Electric Boat is working with Connecticut and Rhode Island education and labor officials on workforce training "to make sure they understand what our demands will be," Lennon said.
EB now has about 14,800 employees, hired nearly 1,600 last year and is projecting a workforce of about 18,000 in the next 15 years in Groton and Quonset Point, R.I. Not all hiring brings in new workers, but replaces those who quit or retire.
Keith Macdowall, vice president for sales at Prime Technology, a North Branford manufacturer of devices that measure temperature, pressure and other conditions in submarines, said suppliers must coordinate purchasing of materials with funding from the submarine maker.
"Government spending is up and down," he said. "You never know when money is going to be spent."
Valuable Jobs
Mark S. LeClair, a professor of economics at Fairfield University, said manufacturing jobs producing submarine parts are among the most valuable in
Connecticut, comparable to workers who produce Sikorsky helicopters. The impact of increased hiring on the state's economy "would be substantial," he said.

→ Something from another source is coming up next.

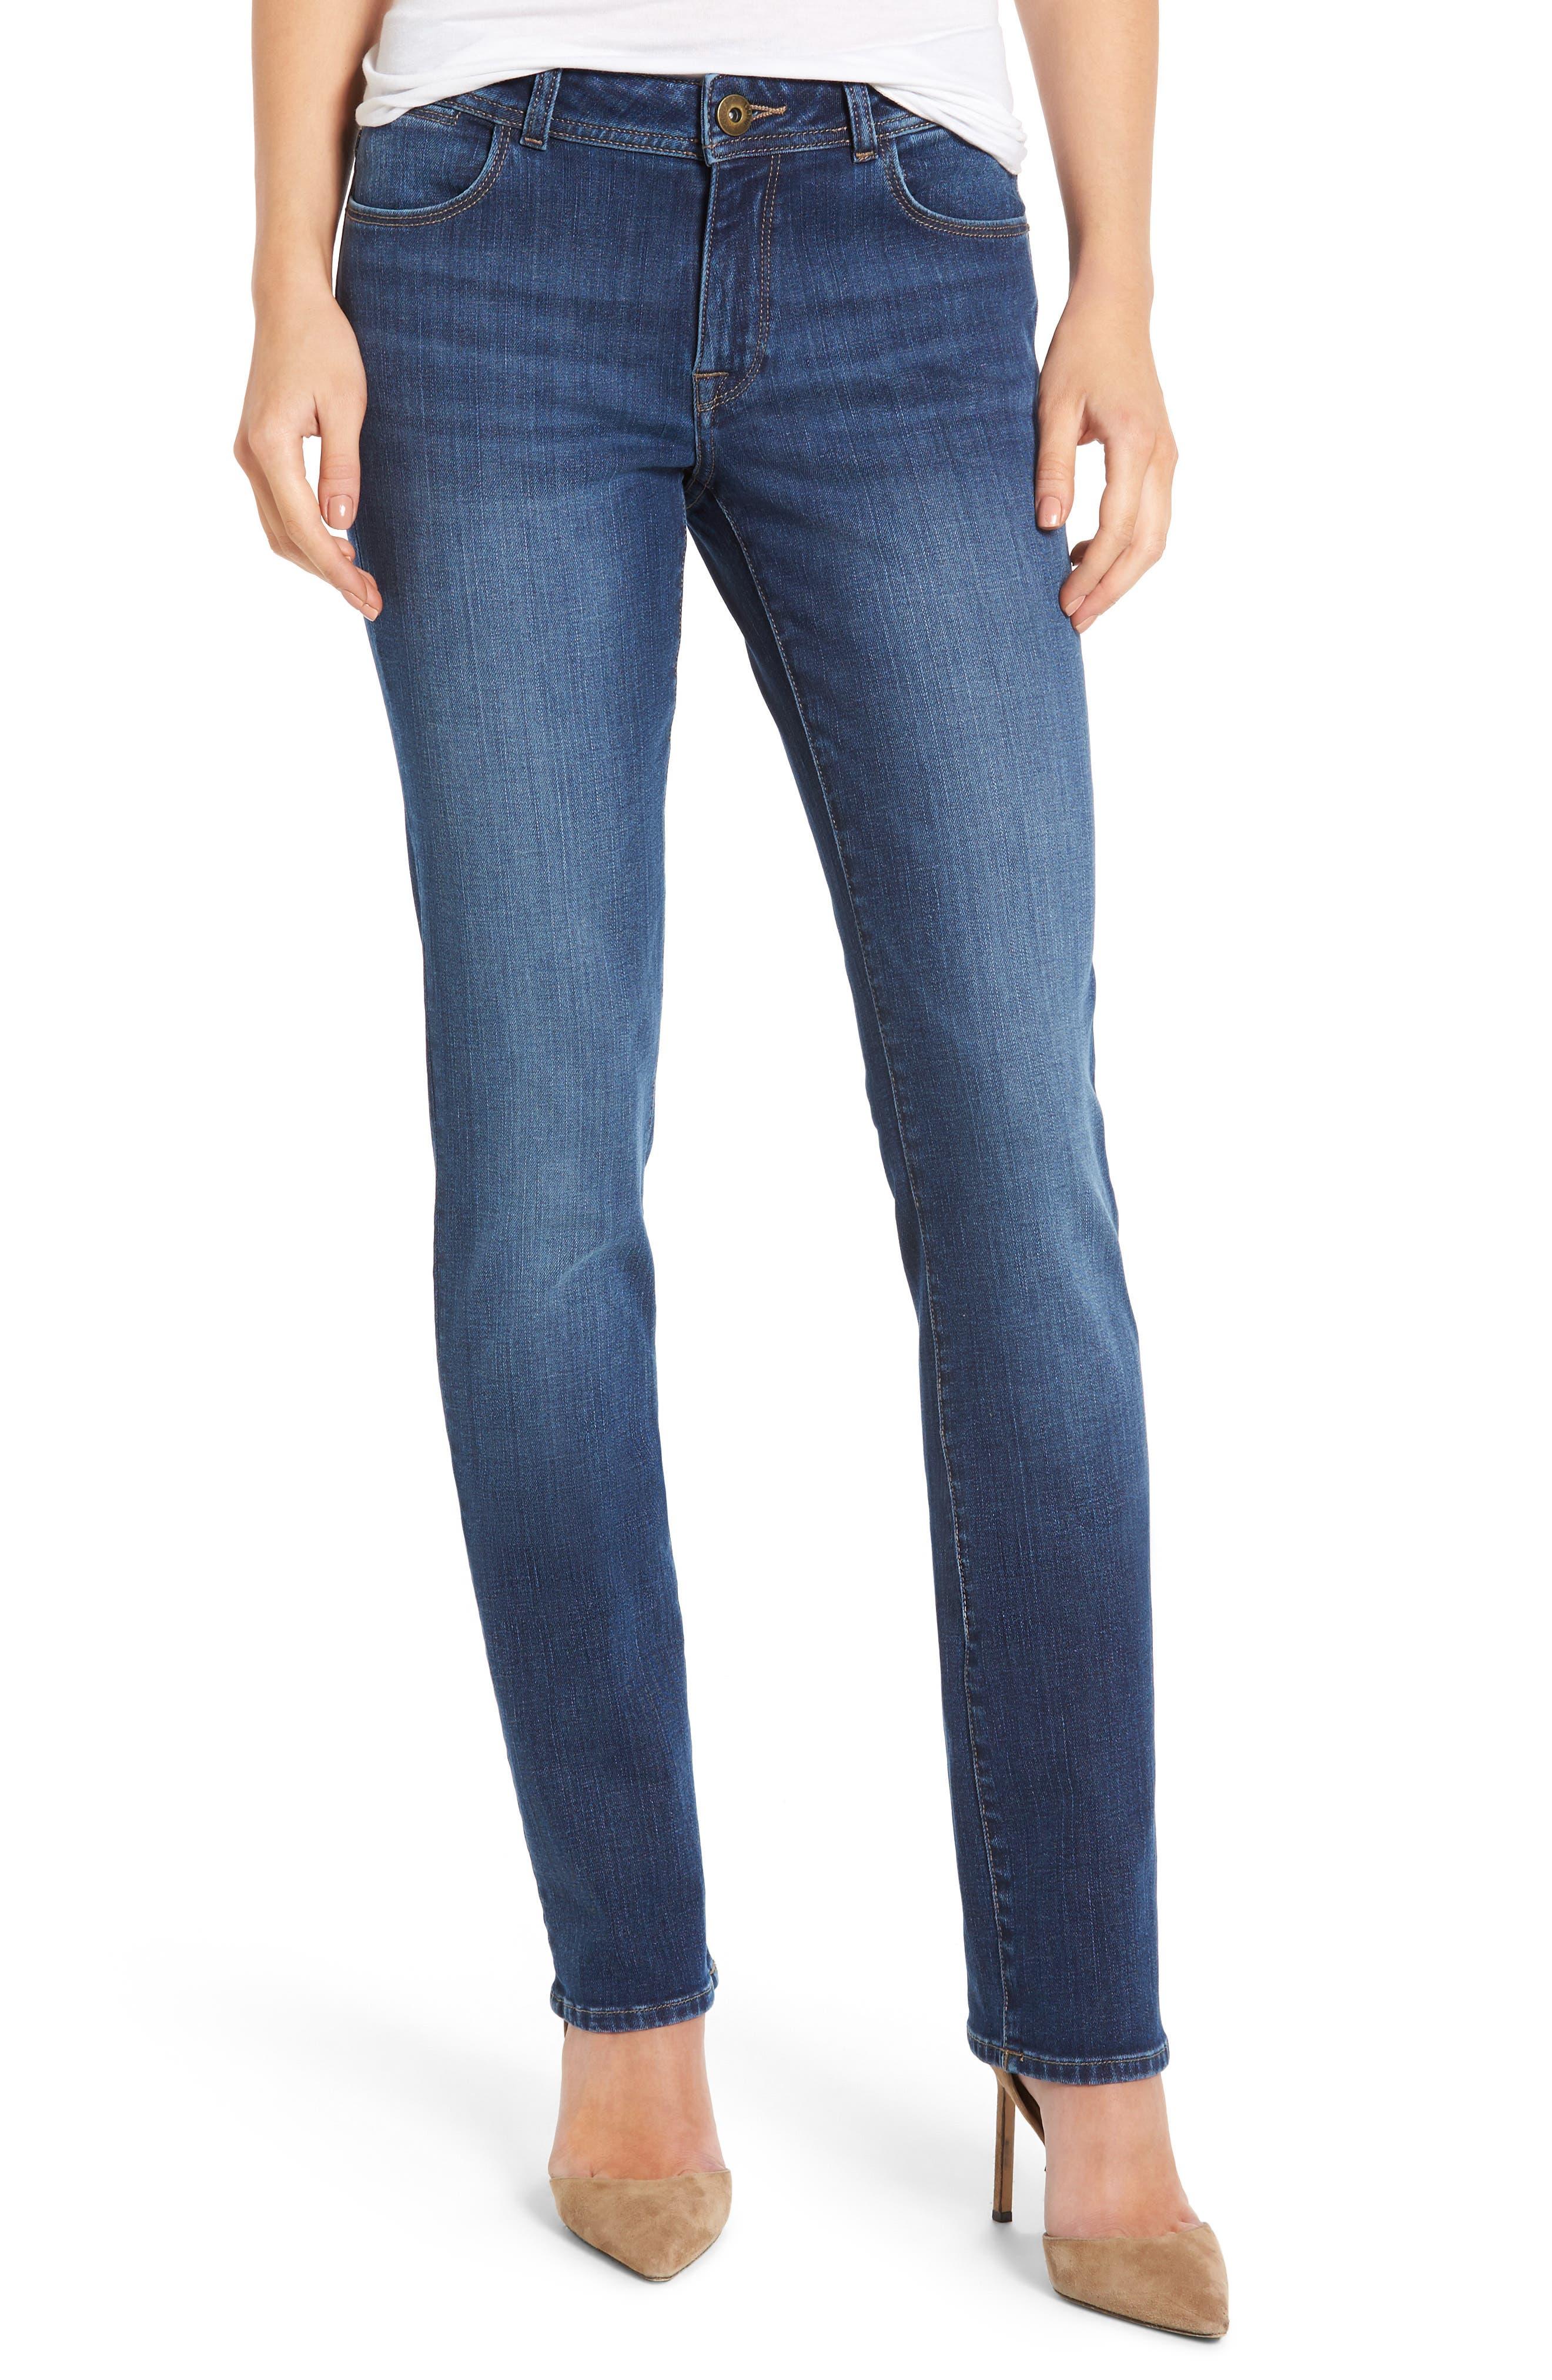 Coco Curvy Straight Leg Jeans,                             Main thumbnail 1, color,                             405

A submarine building boom also would boost the value of the submarine base in Groton, protecting it from a possible shutdown, LeClair said. "That's a really big deal," he said.
Then-Gov. M. Jodi Rell and Connecticut's congressional delegation successfully overturned a federal recommendation in 2005 that the base be closed.
Driving the increase in jobs and workers is a shift in U.S. military strategy to counter moves by China, Iran and Russia. The U.S. Navy last year called for a nearly 15 percent increase in the number of ships, to 355, with an increase of 18 attack submarines, to 66.
Robert Mongell, founder of Micro Precision, a South Windham manufacturer of hydraulic systems for submarines, said Connecticut's sub industry has risen and fallen in response to shifts in defense policy, changes in congressional spending, weaknesses or strengths in the economy and the availability of capital.
"It's very hard when you have periods of boom and periods of bust to maintain a viable business unit," he said.
The collapse of the Soviet Union in 1991 and a recession at the same time hit Connecticut manufacturers hard, Mongell said.
"For defense contractors in Connecticut and elsewhere, the amount of work just plummeted," he said. "You couldn't diversify because the economy was so weak."
Right now, however, Collins & Jewell and other manufacturers are anticipating strong business for years to come. "It's a good future for us," Chris Jewell said.